Spread specific number of deployment pods per node

6/13/2021

I have an EKS node group with 2 nodes for compute workloads. I use a taint on these nodes and tolerations in the deployment. I have a deployment with 2 replicas I want these two pods to be spread on these two nodes like one pod on each node.

I tried using:

affinity:
    podAntiAffinity:
      preferredDuringSchedulingIgnoredDuringExecution:
      - weight: 1
        podAffinityTerm:
          labelSelector:
            matchExpressions:
            - key: app
              operator: In
              values:
              - appname

Each pod is put on each node but if I updated the deployment file like changing its image name, it fails to schedule a new pod.

I also tried:

      topologySpreadConstraints:
        - maxSkew: 1
          topologyKey: type
          whenUnsatisfiable: DoNotSchedule
          labelSelector:
            matchLabels:
              type: compute

but they aren't spread evenly like 2 pods on a node.

-- Icarus
amazon-eks
kubernetes

3 Answers

9/1/2021

I was having the same problem with pods failing to schedule and getting stuck in pending state while rolling out new versions while my goal was to run exactly 3 pods at all times, 1 on each of the 3 available nodes.

That means I could not use maxUnavailable: 1 because that would temporarily result in less than 3 pods during the rollout.

Instead of using the app name label for matching anti-affinity, I ended up using a label with a random value ("version") on each deployment. This means new deployments will happily schedule pods to nodes where a previous version is still running, but the new versions will always be spread evenly.

Something like this:

apiVersion: apps/v1
kind: Deployment
spec:
  replicas: 3
  template:
    metadata:
      labels:
        deploymentVersion: v1
    spec:
      affinity:
        podAntiAffinity:
          requiredDuringSchedulingIgnoredDuringExecution:
            - labelSelector:
                matchExpressions:
                  - key: deploymentVersion
                    operator: In
                    values:
                      - v1
              topologyKey: "kubernetes.io/hostname"

v1 can be anything that's a valid label and changes on every deployment attempt.

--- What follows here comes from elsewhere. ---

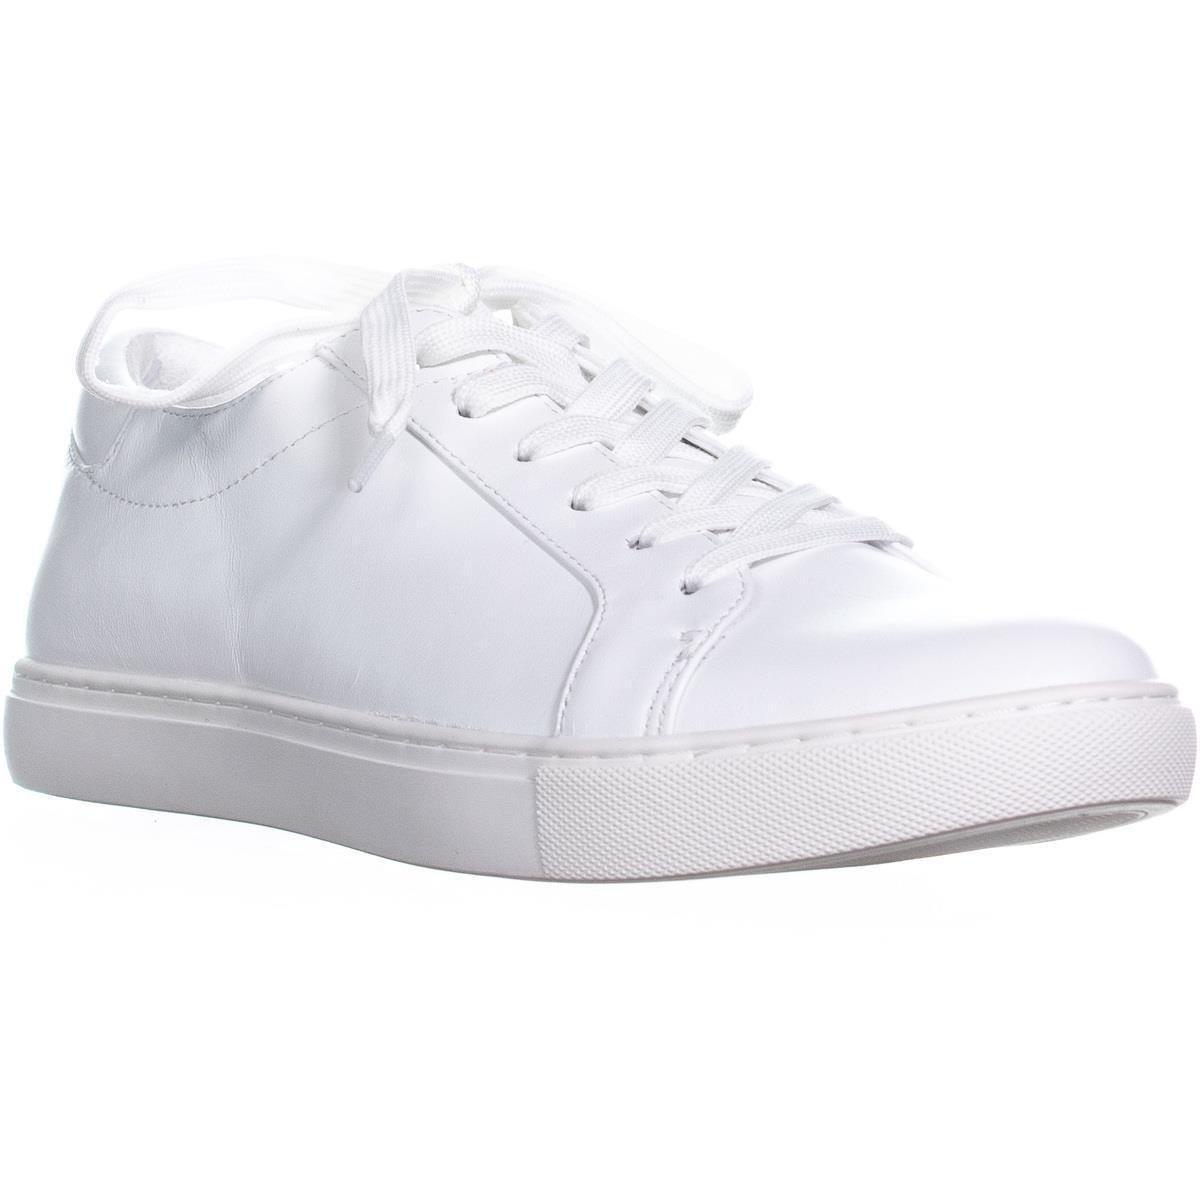 Kenneth Cole Women's Kam Pride Sneaker B071XY767S 6.5 B(M) US|White

I'm using envsubst to have dynamic variables in yaml files:

DEPLOYMENT_VERSION=$(date +%s) envsubst < deploy.yaml | kubectl apply -f -

And then the config looks like this:

apiVersion: apps/v1
kind: Deployment
spec:
  replicas: 3
  template:
    metadata:
      labels:
        deploymentVersion: v${DEPLOYMENT_VERSION}
    spec:
      affinity:
        podAntiAffinity:
          requiredDuringSchedulingIgnoredDuringExecution:
            - labelSelector:
                matchExpressions:
                  - key: deploymentVersion
                    operator: In
                    values:
                      - v${DEPLOYMENT_VERSION}
              topologyKey: "kubernetes.io/hostname"

I wish Kubernetes offered a more straightforward way to achieve this.

-- salomvary
Source: StackOverflow

6/13/2021

You can use DeamonSet instead of Deployment. A DaemonSet ensures that all (or some) Nodes run a copy of a Pod. As nodes are added to the cluster, Pods are added to them. As nodes are removed from the cluster, those Pods are garbage collected. Deleting a DaemonSet will clean up the Pods it created.

See documentation for Deamonset

-- pcsutar
Source: StackOverflow

6/14/2021

Try adding:

spec:
  strategy:
    type: RollingUpdate
    rollingUpdate:
      maxSurge: 0
      maxUnavailable: 1

By default K8s is trying to scale the new replicaset up first before it starts downscaling the old replicas. Since it cannot schedule new replicas (because antiaffinity) they are stuck in pending state.

Once you set the deployment's maxSurge=0, you tell k8s that you don't want the deployment to scale up first during update, and thus in result it can only scale down making place for new replicas to be scheduled.

Setting maxUnavailable=1 tells k8s to replace only one pod at a time.

-- Matt
Source: StackOverflow